• [Exercise data]:
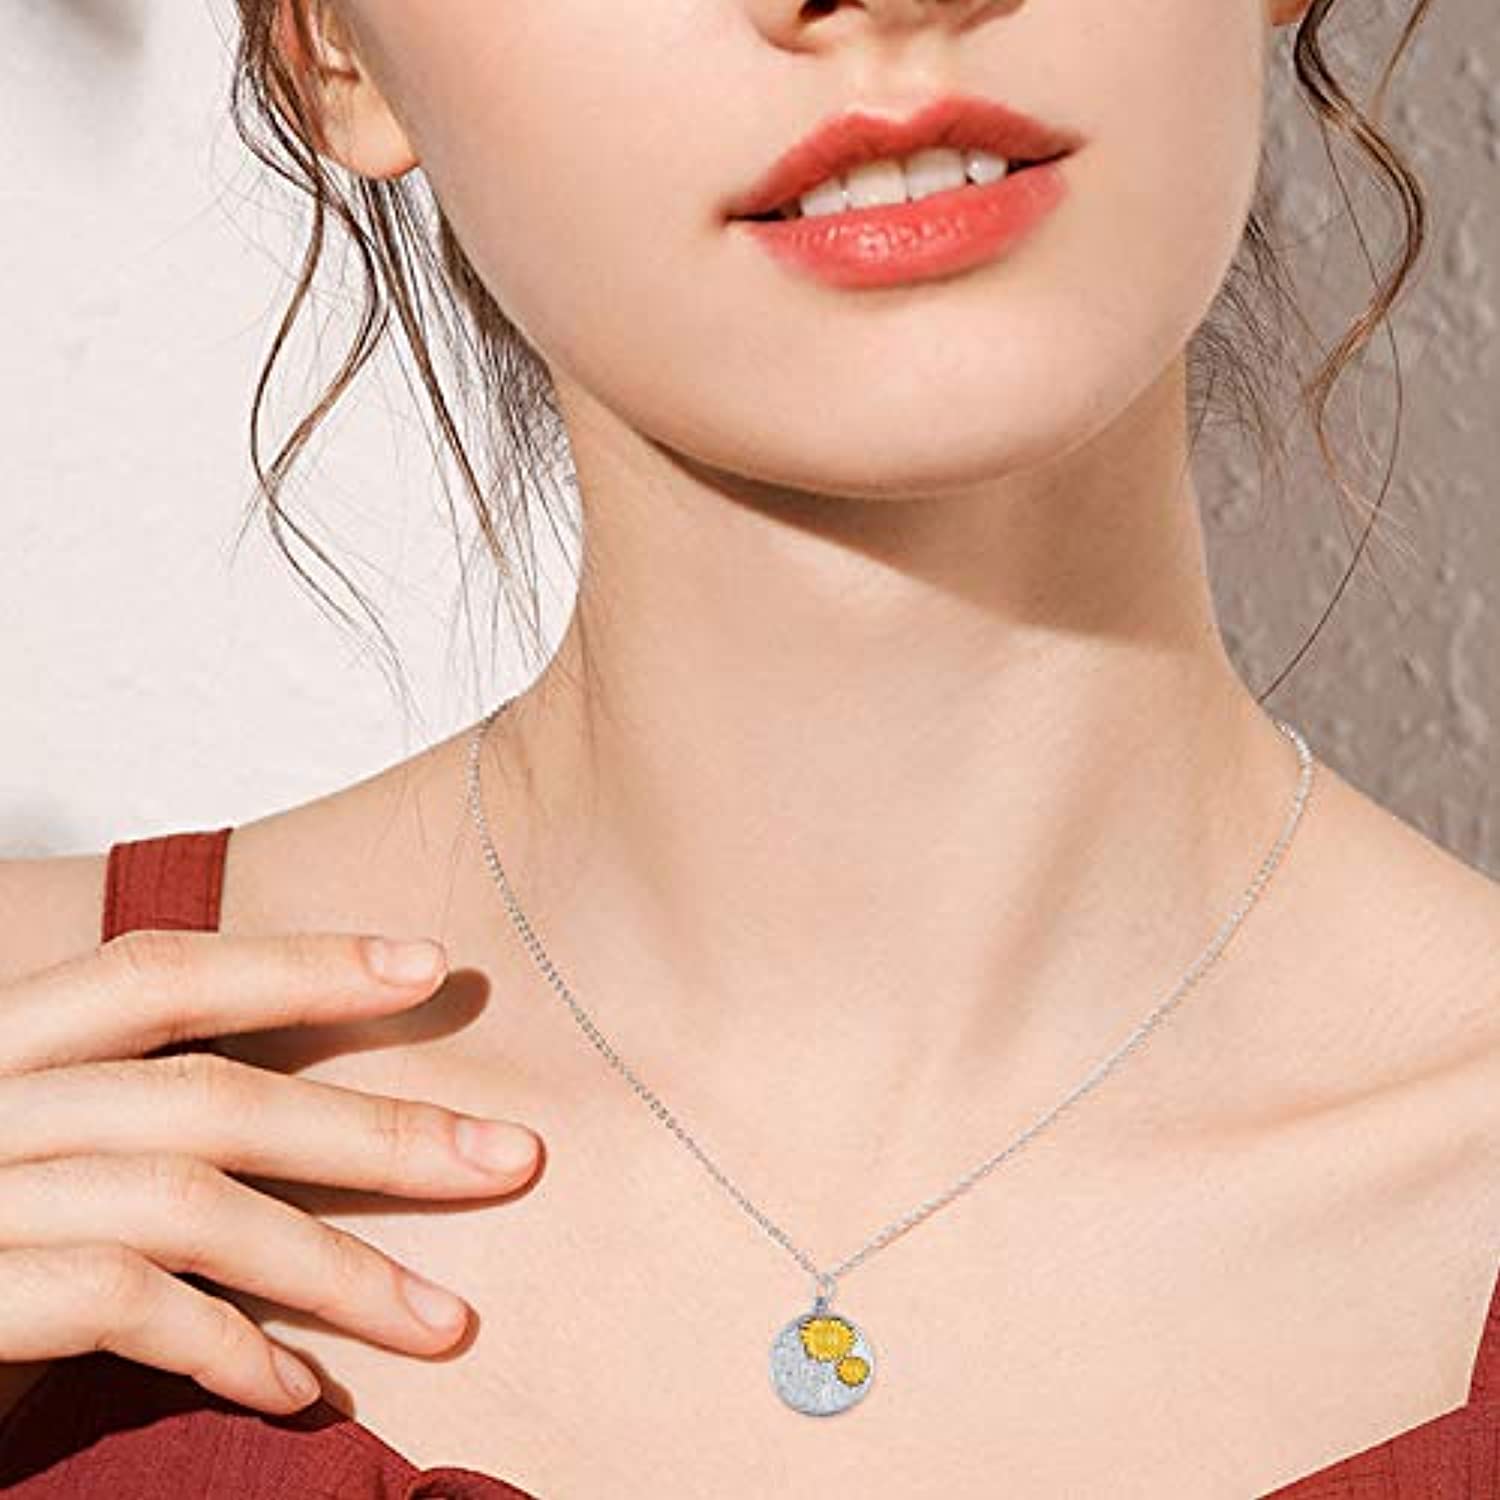 Sunflower Disc Necklace You Are My Sunshine S925 Sterling Silver 14K Gold Plated Wedding Jewelry for Women
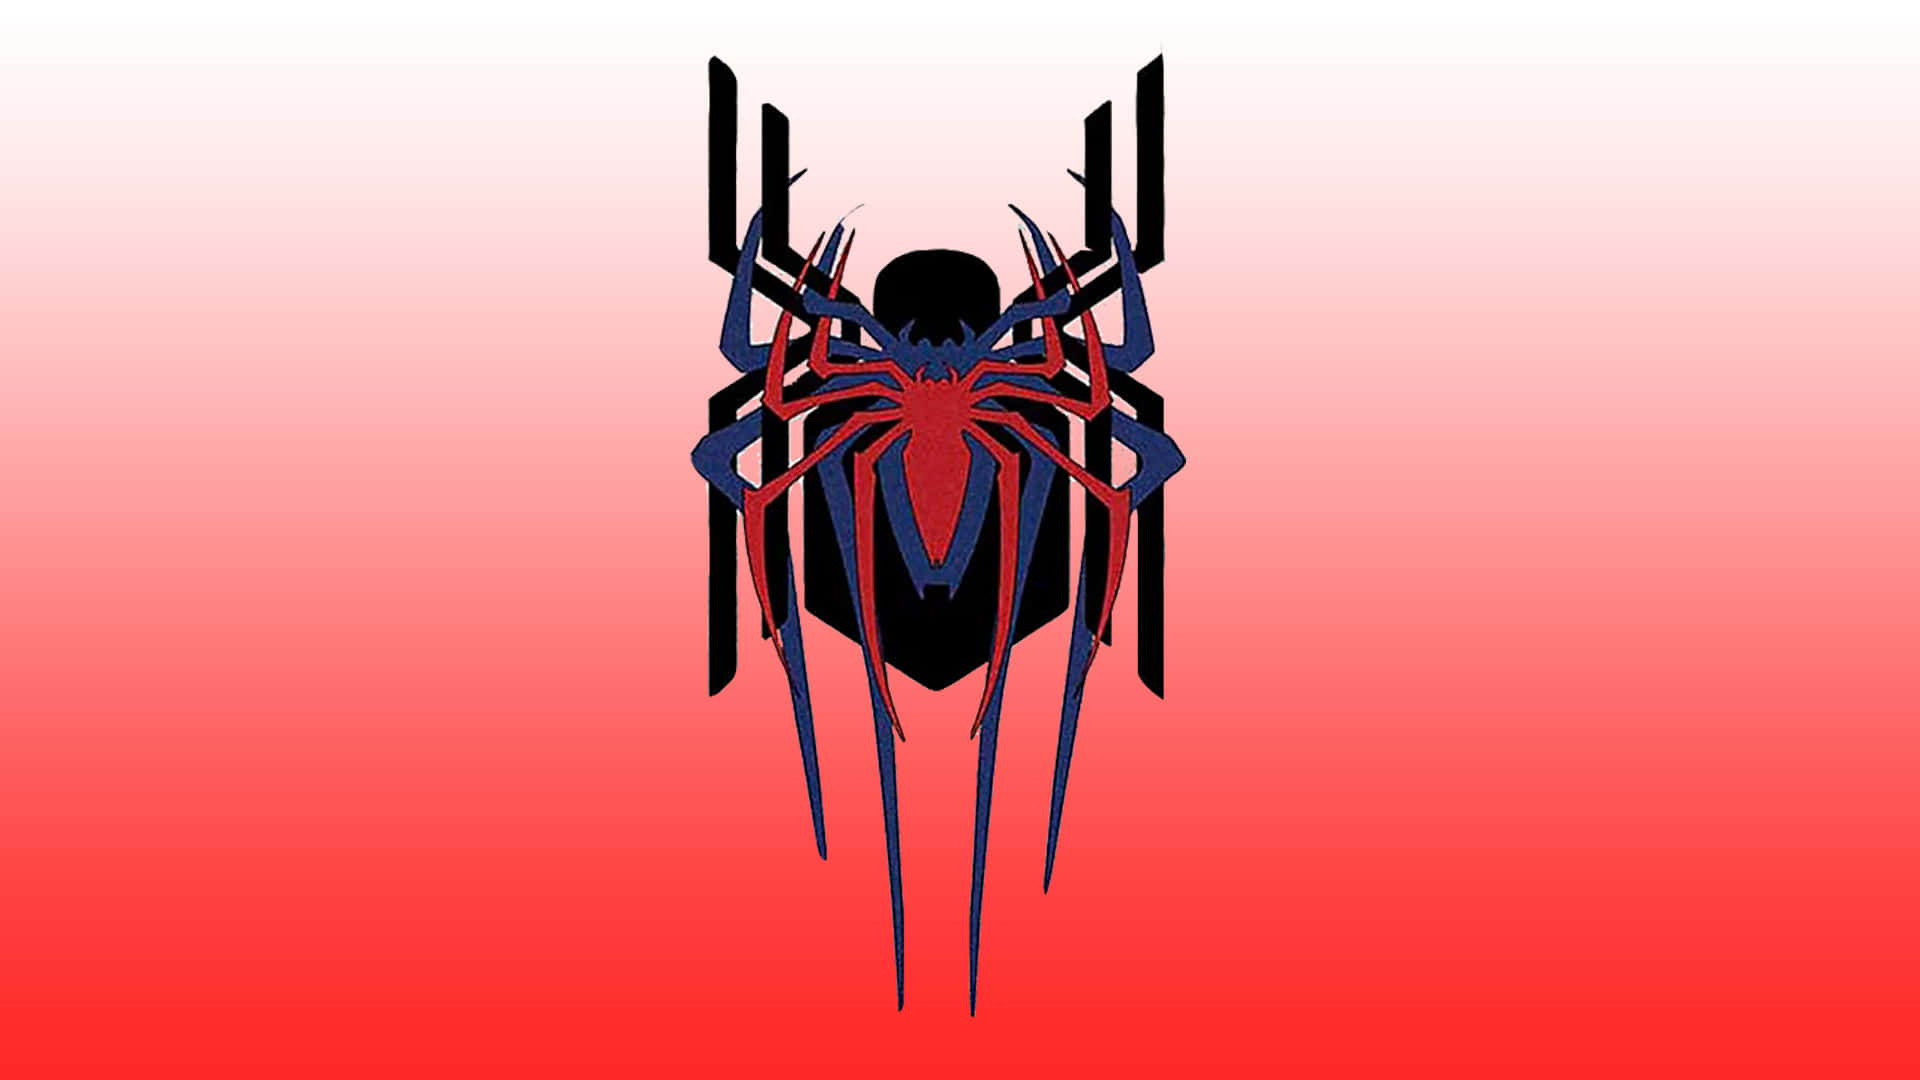 The Spider - Man Logo On A Red Background Wallpaper
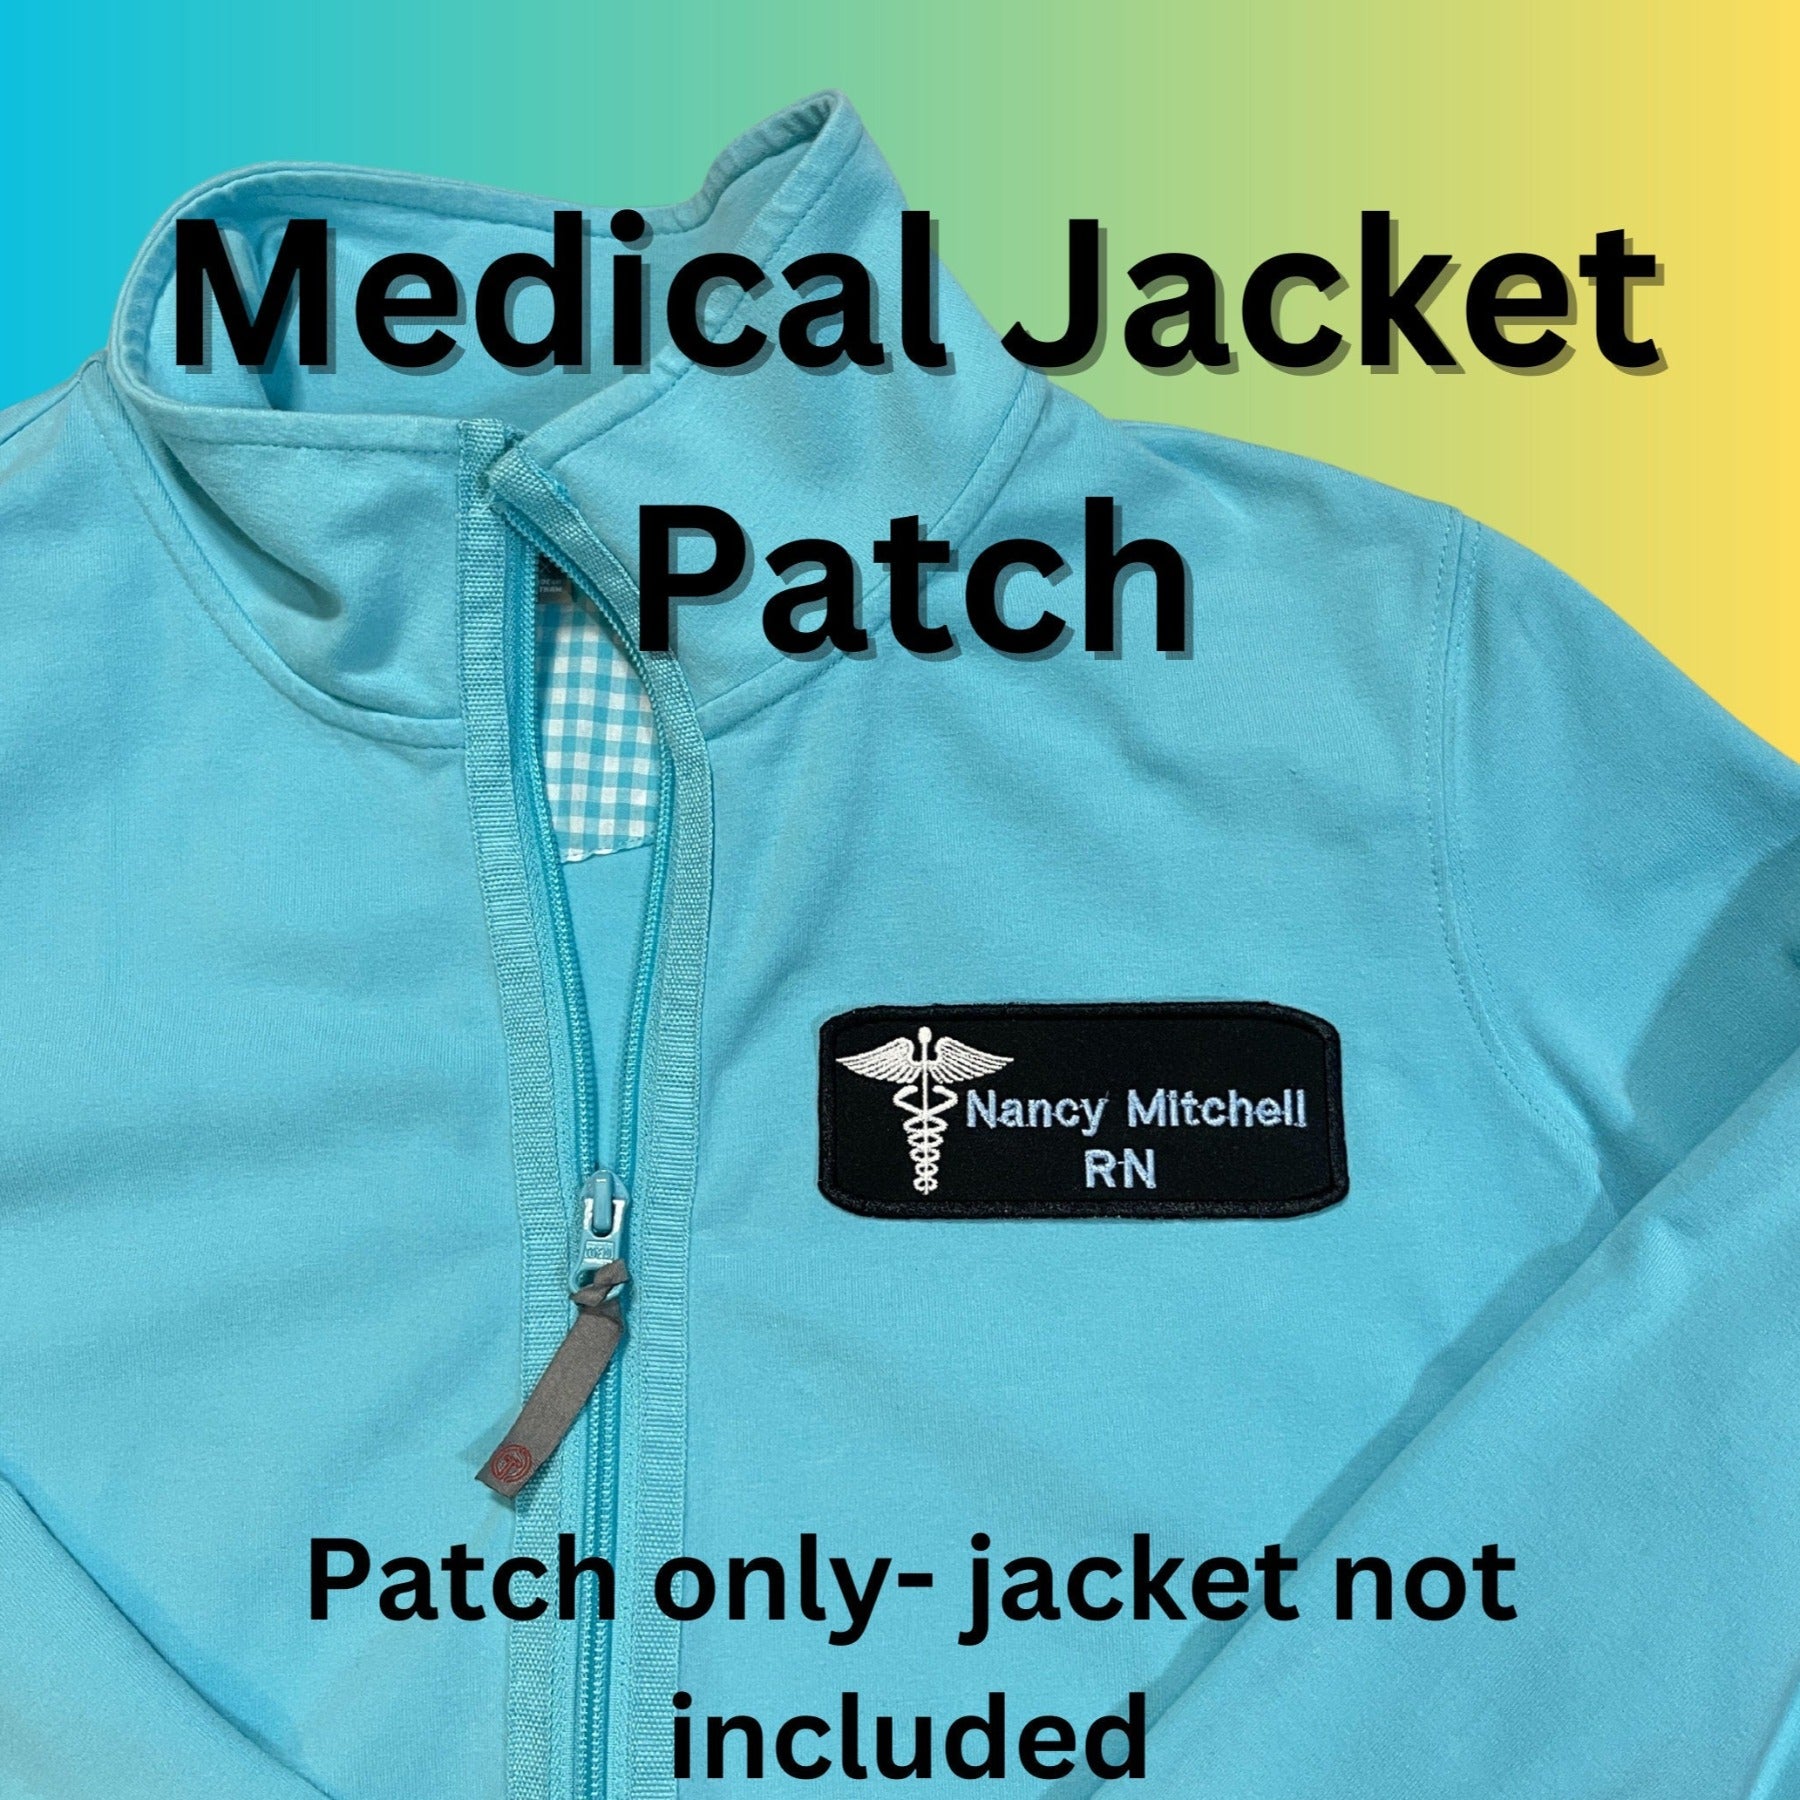 Embroidered Medical jacket patch with name and credentials

• [The problem]:
Reproduce the data word for word without its images.

• [Exercise response]:
 Sunflower Disc Necklace You Are My Sunshine S925 Sterling Silver 14K Gold Plated Wedding Jewelry for Women
 The Spider - Man Logo On A Red Background Wallpaper
 Embroidered Medical jacket patch with name and credentials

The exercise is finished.